La pedagogia si basa su un processo sistematico, che non si sviluppa per "assaggi" o
frammenti ma si basa su una programmazione ben precisa e congegnata, per questo
definita "enciclopedica", che punta cioè alla formazione generale dell'allievo. È un
metodo graduale, che procede dal più semplice al più complesso, dal generale alla
definizione e continuo perché non ha un inizio e una fine ma dovrebbe durare tutta la vita.
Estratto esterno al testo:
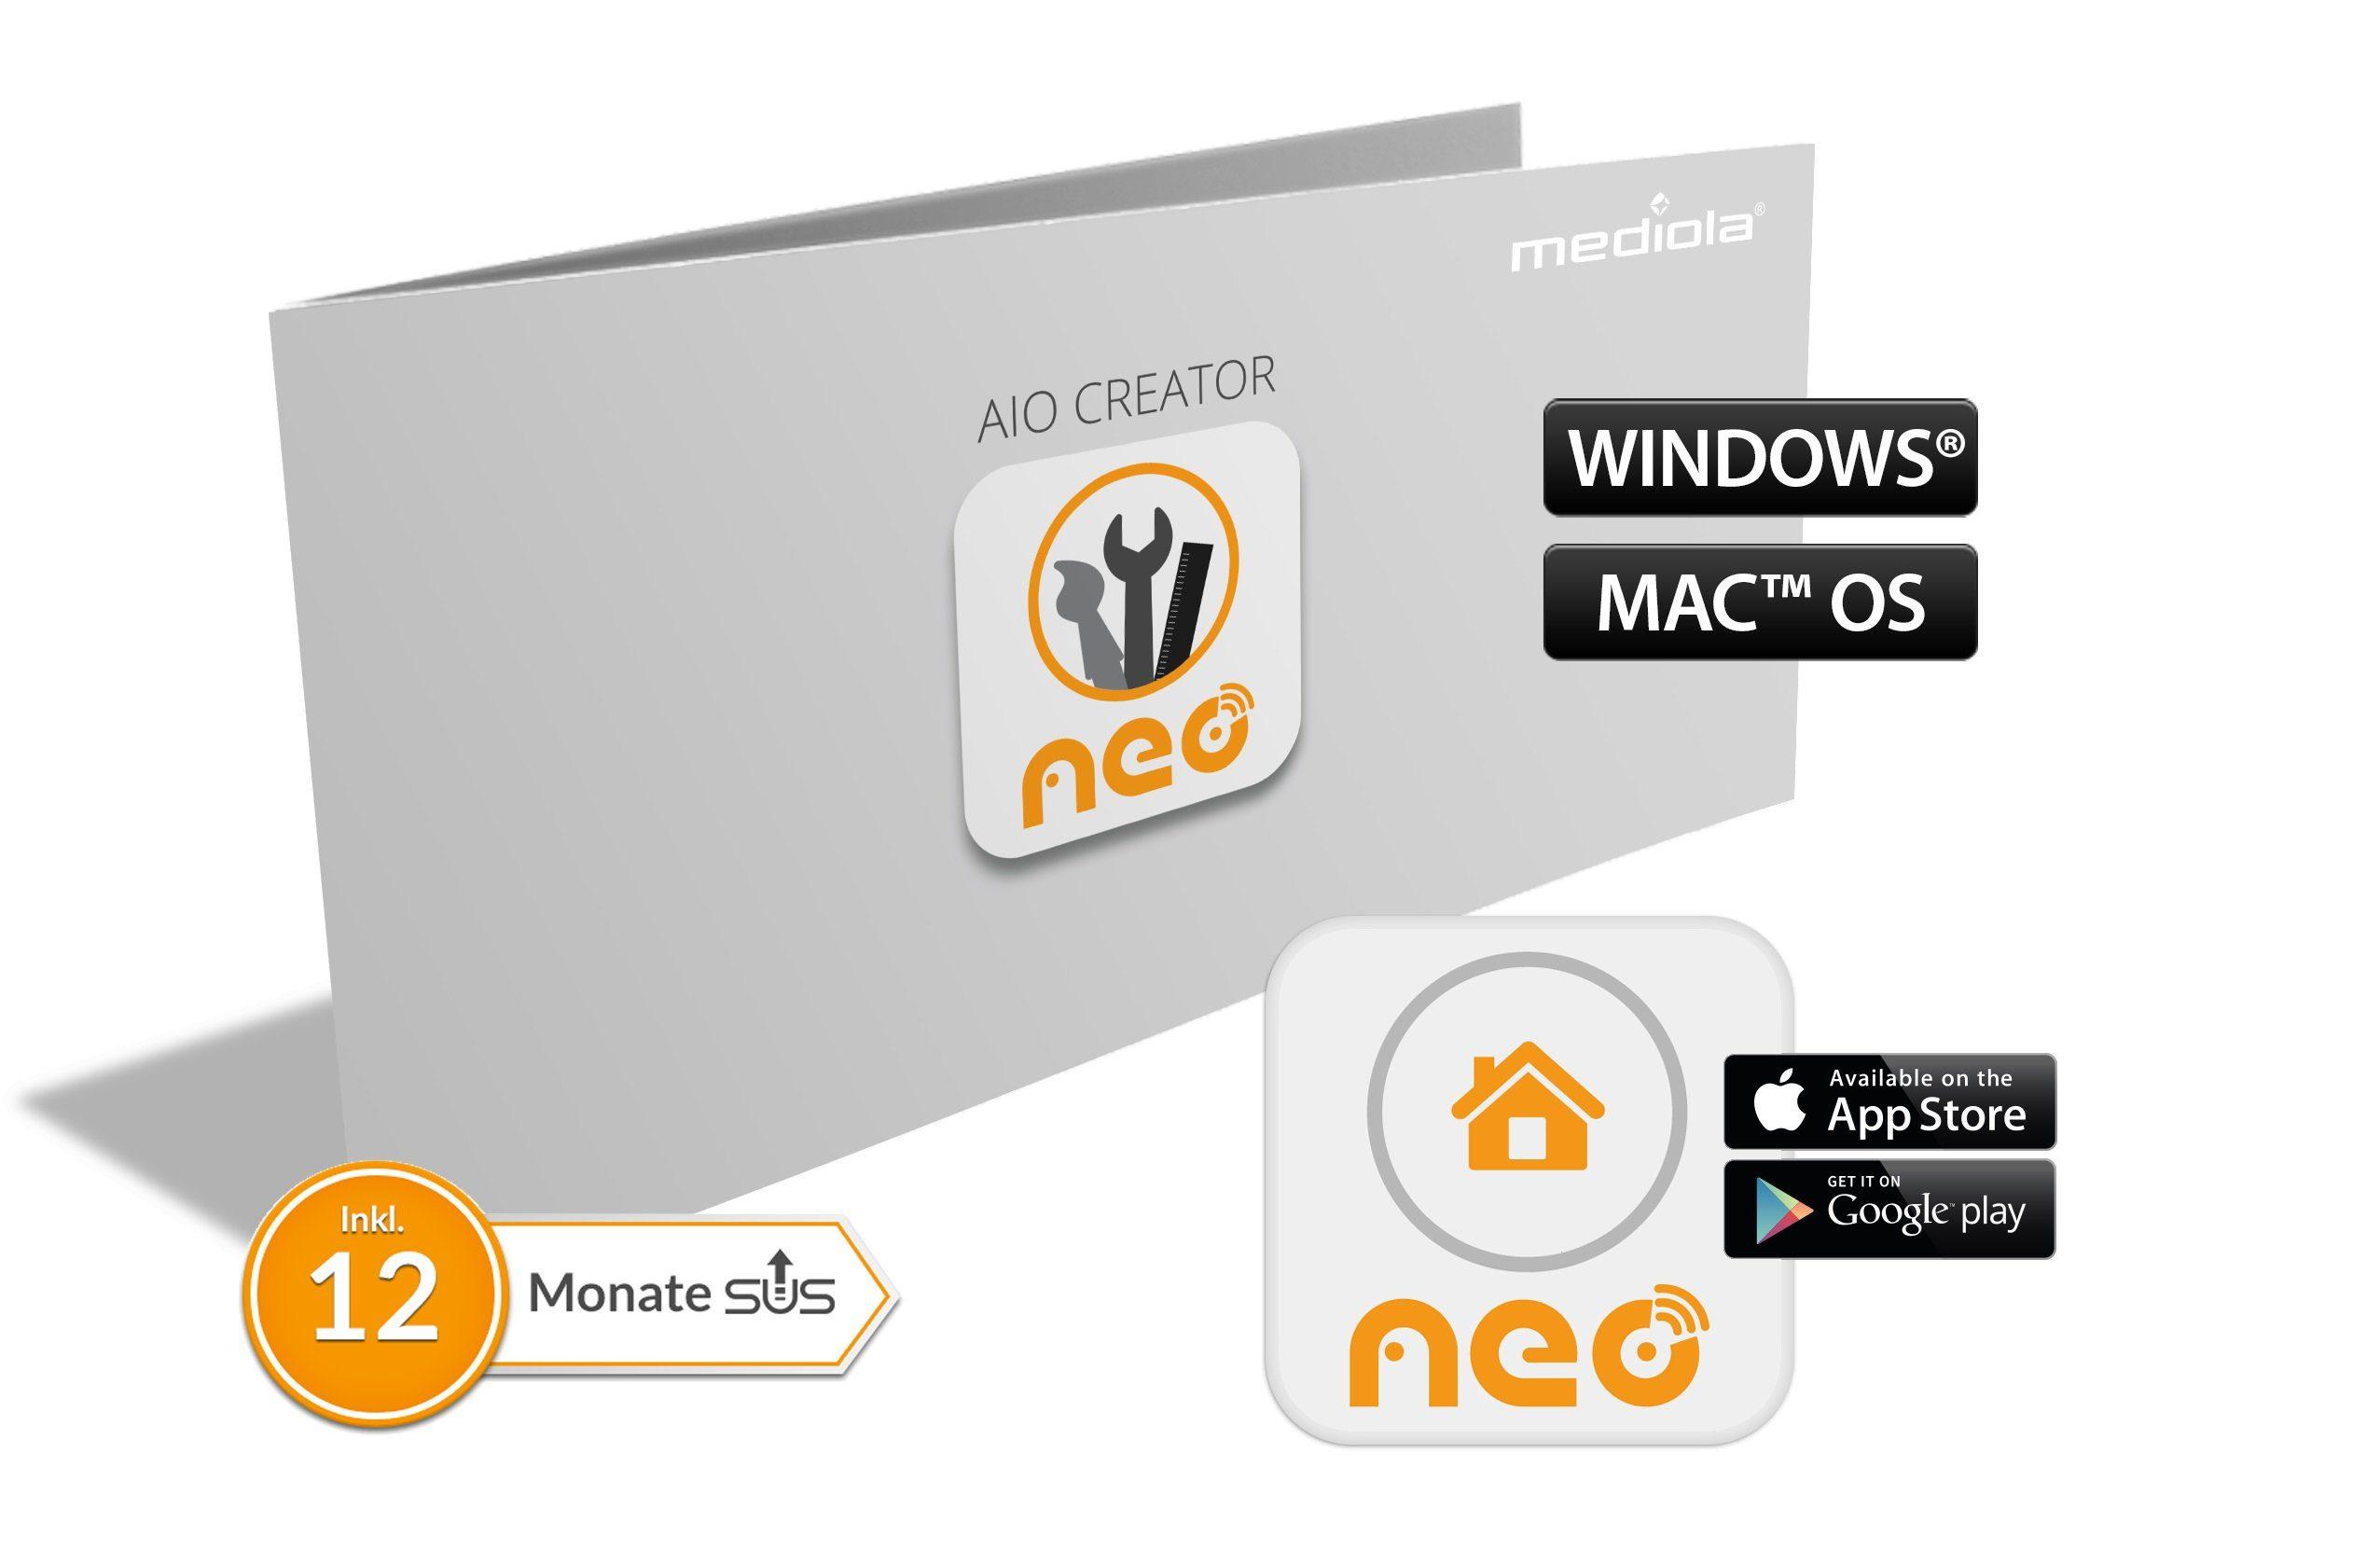 Mediola Smart Home - Steuerung & Komfort »AIO Creator NEO mediola® Edition«

In questo lavoro interagiscono, oltre che l'educatore, l'alunno stesso, la scuola (che è una
sorta di piccola società), la famiglia. Quintiliano riconosce nella figura materna un ruolo
fondamentale nella formazione del bambino: la madre, nei primi anni di vita del figlio, deve
impegnarsi il più possibile a parlar bene, in modo corretto, per far sì che non si creino
lacune a livello linguistico già in tenera età. È concezione rivoluzionaria per certi punti di
vista, in quanto la figura della donna era poco considerata, per quanto concerne questi
compiti.
È definita una pedagogia perfettiva: Quintiliano pensa e crede che ogni bambino possa
diventare come Alessandro il Macedone, cioè la perfezione. Una figura da ammirare, per
le sue gesta e soprattutto perché fu allievo di Aristotele (uno dei punti di riferimento di
Quintiliano). Seneca invece criticò questo aspetto, perché riteneva l'immagine di
Alessandro Magno totalmente immorale, spregiudicata, diseducativa, un brutto esempio
da seguire in quanto il peggior modello di persona e di condottiero.
È una pedagogia della parola: vero che afferma che il bambino possa diventare tutto ciò
che desideri, qualsiasi tipo di persona, però l'obiettivo finale della pedagogia proposta da
Quintiliano è quella di formare il perfetto oratore.